START WORKING DATA
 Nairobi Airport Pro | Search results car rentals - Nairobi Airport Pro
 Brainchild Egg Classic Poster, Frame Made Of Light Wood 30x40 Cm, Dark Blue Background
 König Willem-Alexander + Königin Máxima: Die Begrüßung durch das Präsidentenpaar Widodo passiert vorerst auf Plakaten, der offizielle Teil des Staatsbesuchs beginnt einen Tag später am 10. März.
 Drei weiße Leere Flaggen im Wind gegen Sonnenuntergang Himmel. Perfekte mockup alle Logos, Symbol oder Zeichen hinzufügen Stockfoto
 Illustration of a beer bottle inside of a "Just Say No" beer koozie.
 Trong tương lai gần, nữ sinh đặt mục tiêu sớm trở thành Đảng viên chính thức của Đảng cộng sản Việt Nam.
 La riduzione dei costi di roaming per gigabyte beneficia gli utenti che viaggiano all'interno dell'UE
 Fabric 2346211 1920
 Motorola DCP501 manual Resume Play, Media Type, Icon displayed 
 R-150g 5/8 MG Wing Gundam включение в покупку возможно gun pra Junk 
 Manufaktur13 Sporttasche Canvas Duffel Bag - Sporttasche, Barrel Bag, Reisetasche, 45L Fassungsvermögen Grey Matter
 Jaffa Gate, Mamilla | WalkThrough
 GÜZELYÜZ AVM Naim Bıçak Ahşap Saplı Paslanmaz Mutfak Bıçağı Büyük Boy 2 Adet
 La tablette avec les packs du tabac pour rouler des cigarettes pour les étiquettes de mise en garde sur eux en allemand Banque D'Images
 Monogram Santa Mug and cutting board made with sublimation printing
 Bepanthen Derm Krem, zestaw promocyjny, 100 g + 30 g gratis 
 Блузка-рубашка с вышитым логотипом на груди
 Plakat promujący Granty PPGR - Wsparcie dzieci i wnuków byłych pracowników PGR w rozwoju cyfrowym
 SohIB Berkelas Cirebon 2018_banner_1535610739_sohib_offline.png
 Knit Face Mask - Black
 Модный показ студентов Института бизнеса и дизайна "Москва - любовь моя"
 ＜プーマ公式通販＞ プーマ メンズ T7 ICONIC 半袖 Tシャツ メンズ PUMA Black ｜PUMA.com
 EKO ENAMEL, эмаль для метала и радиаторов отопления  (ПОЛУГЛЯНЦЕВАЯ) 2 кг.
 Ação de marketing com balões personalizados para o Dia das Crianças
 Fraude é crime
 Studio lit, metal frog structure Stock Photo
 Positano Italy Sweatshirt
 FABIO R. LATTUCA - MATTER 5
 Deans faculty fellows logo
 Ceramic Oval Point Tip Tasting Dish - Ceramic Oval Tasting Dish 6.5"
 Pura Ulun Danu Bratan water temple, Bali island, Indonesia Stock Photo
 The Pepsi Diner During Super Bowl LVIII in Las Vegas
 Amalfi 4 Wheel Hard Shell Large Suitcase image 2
END WORKING DATA
**EXERCISE:** Lines holding the word "Black" in the records above: how many are there? Answer with the number only.

**TASK RESPONSE:** 2